Work instructions: Exclude the pictures, and otherwise reproduce the data in full.

Material provided:
..........

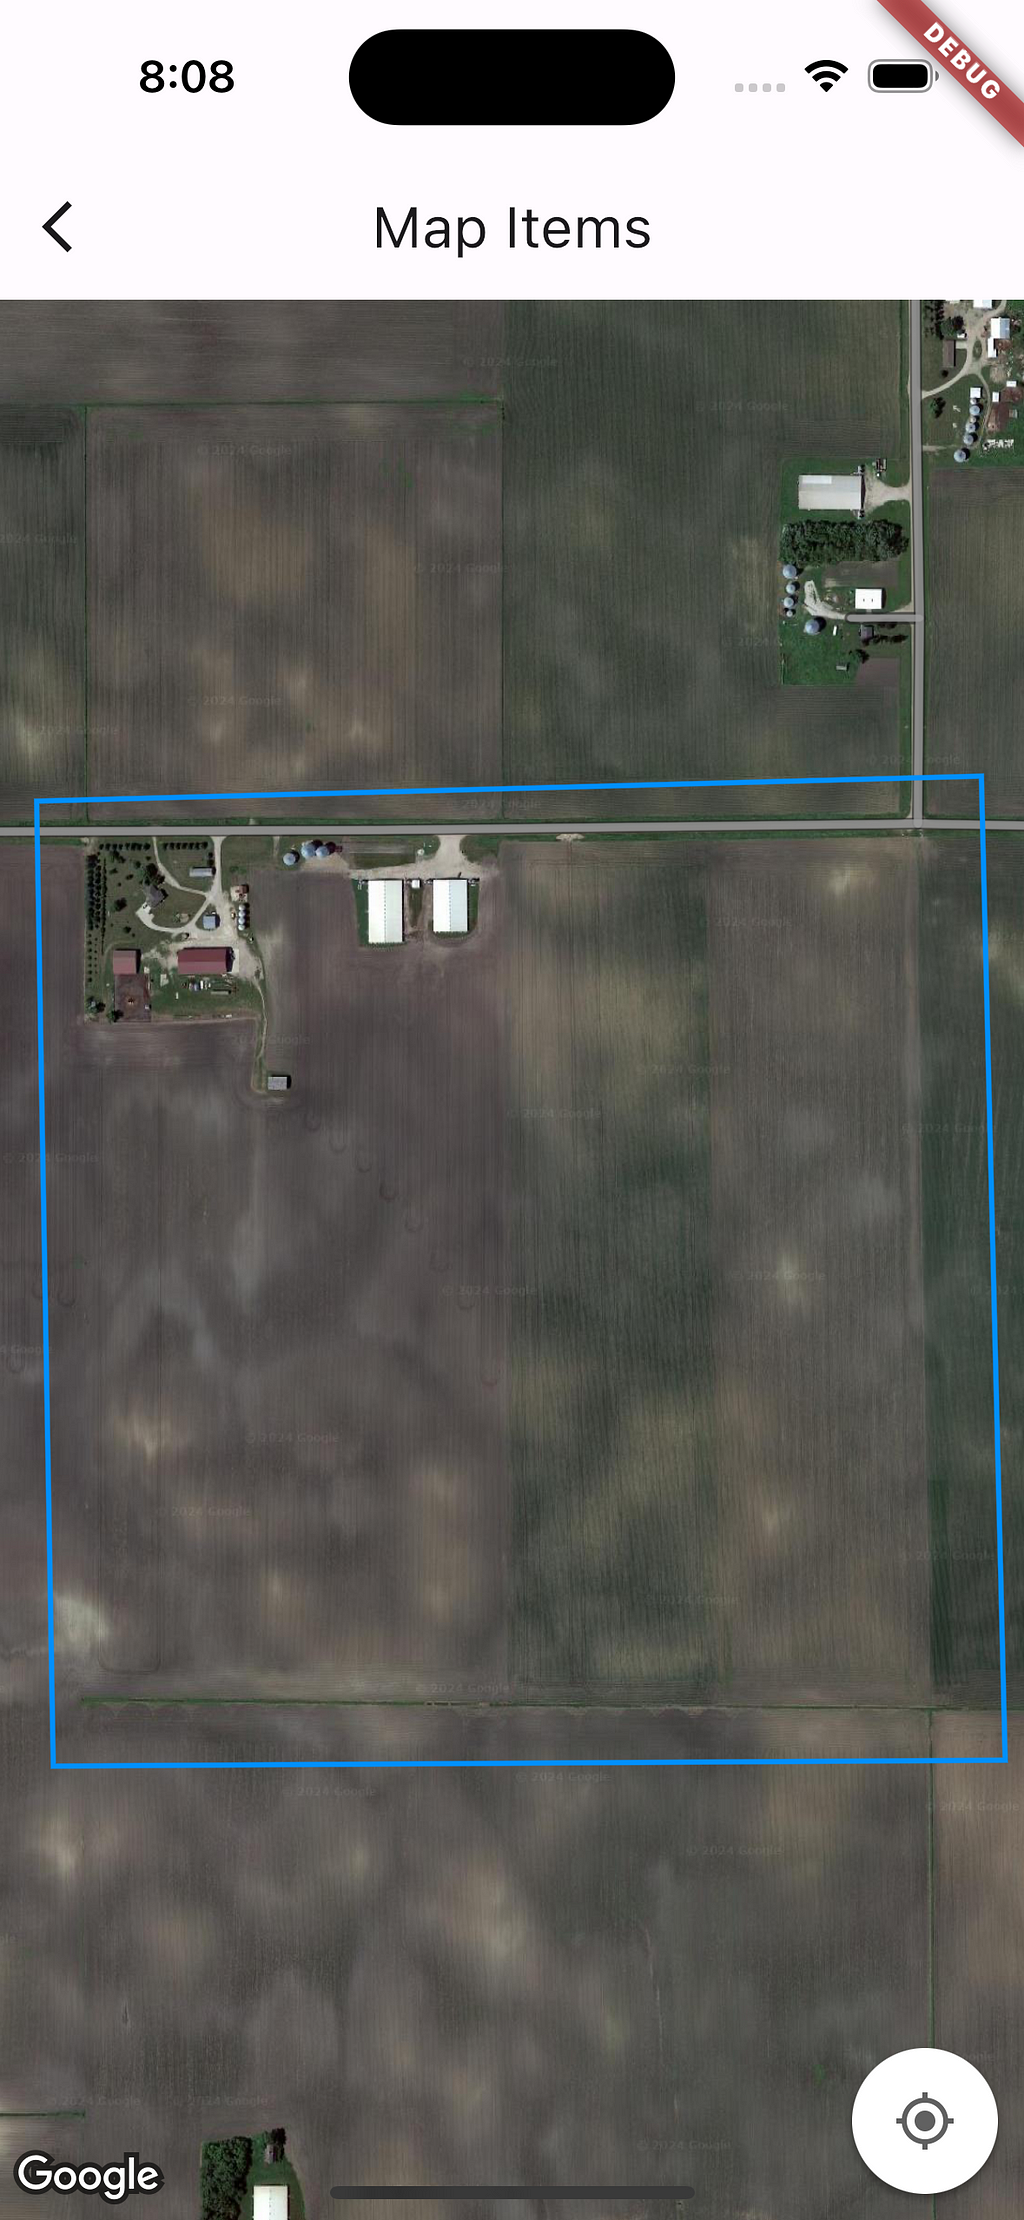 A screenshot of a map open on a smartphone. The map is showing satellite image of a farm in Northern part of USA. A line is drawn on the map. The colour of the line is sky blue.
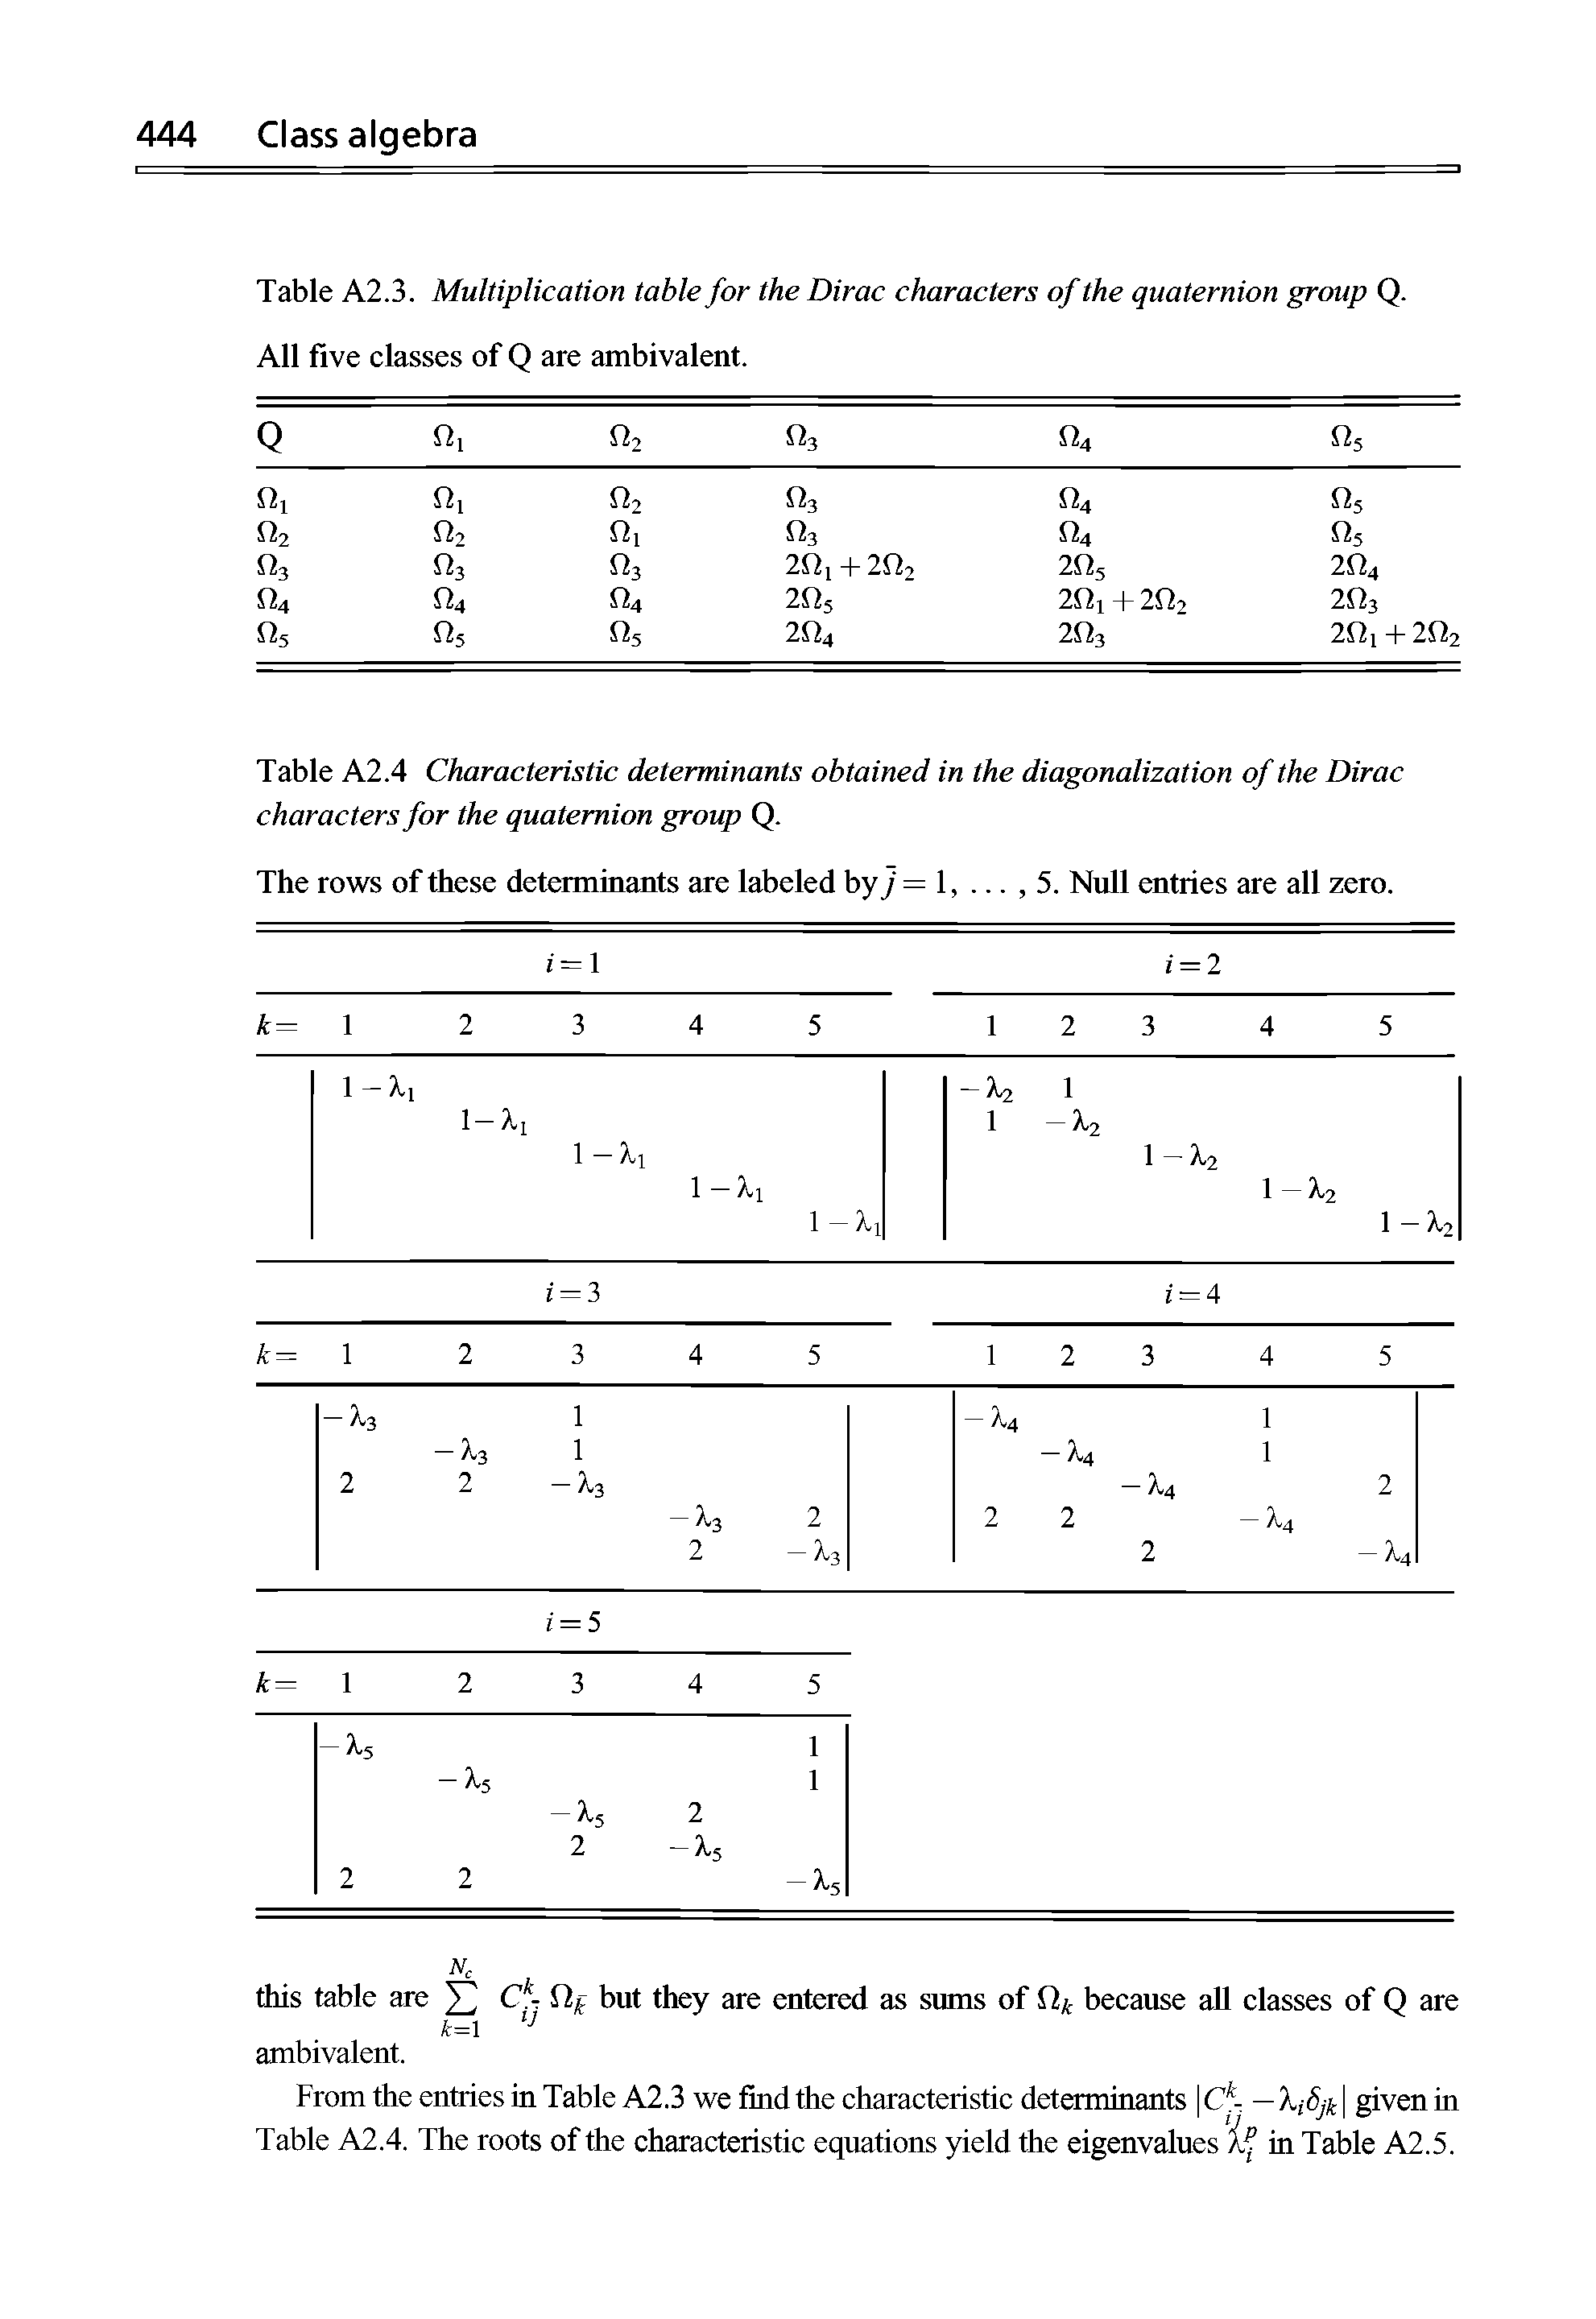 Table A2.3. Multiplication table for the Dirac characters of the quaternion group Q.
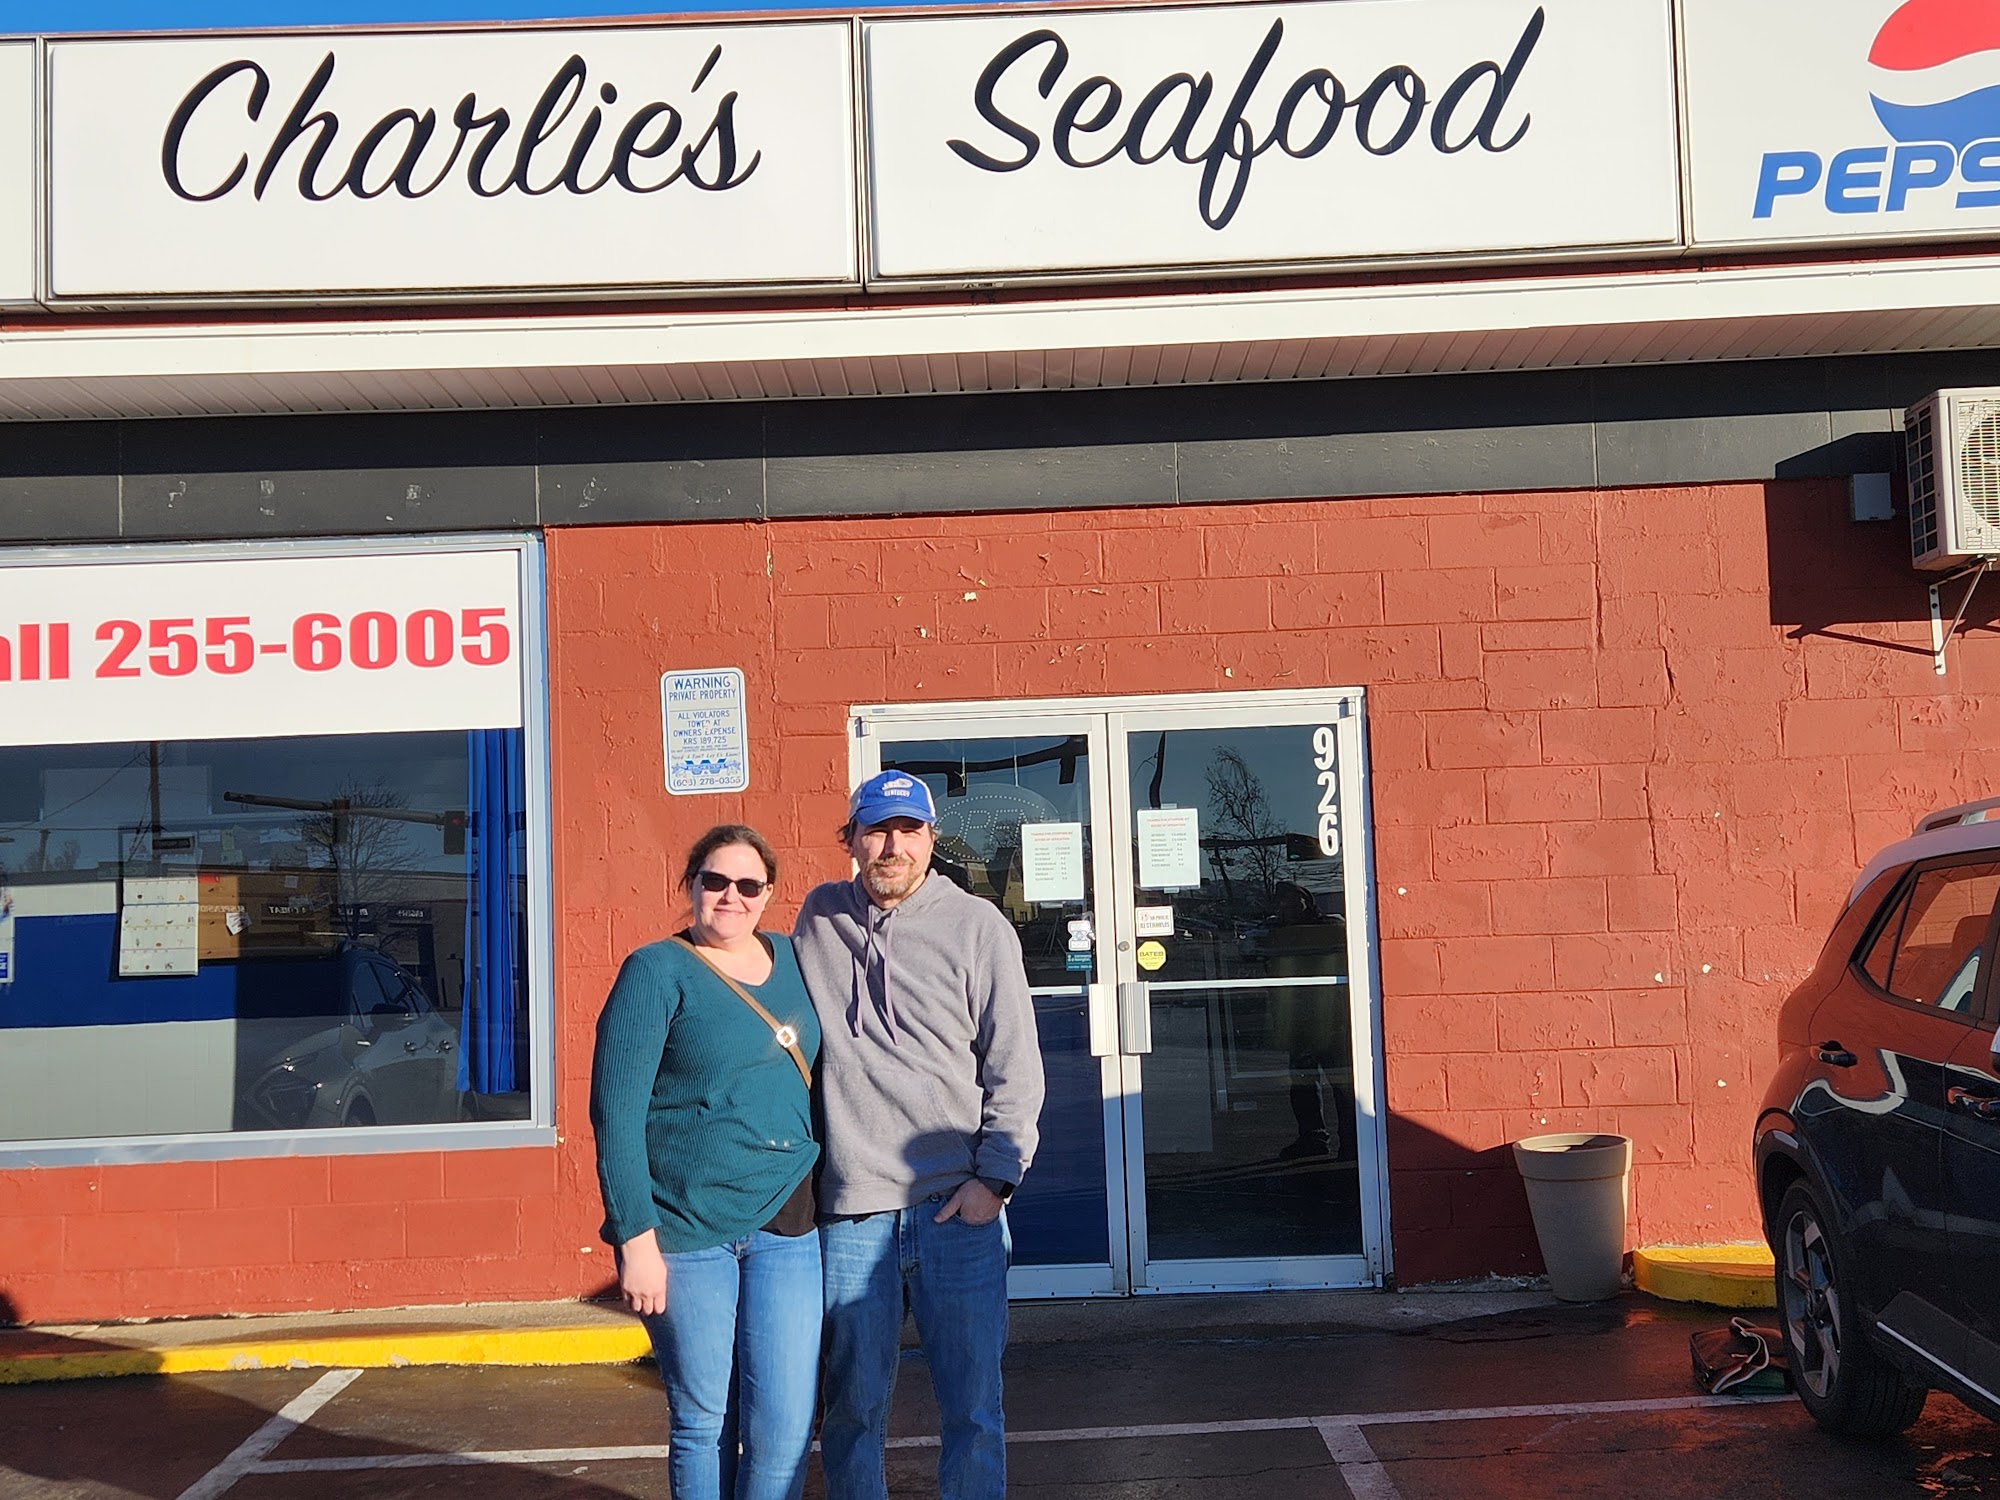 Charlie's Seafood & Carry-Out Restaurant

..........

Reply:
 A screenshot of a map open on a smartphone. The map is showing satellite image of a farm in Northern part of USA. A line is drawn on the map. The colour of the line is sky blue.
 Table A2.3. Multiplication table for the Dirac characters of the quaternion group Q.
 Charlie's Seafood & Carry-Out Restaurant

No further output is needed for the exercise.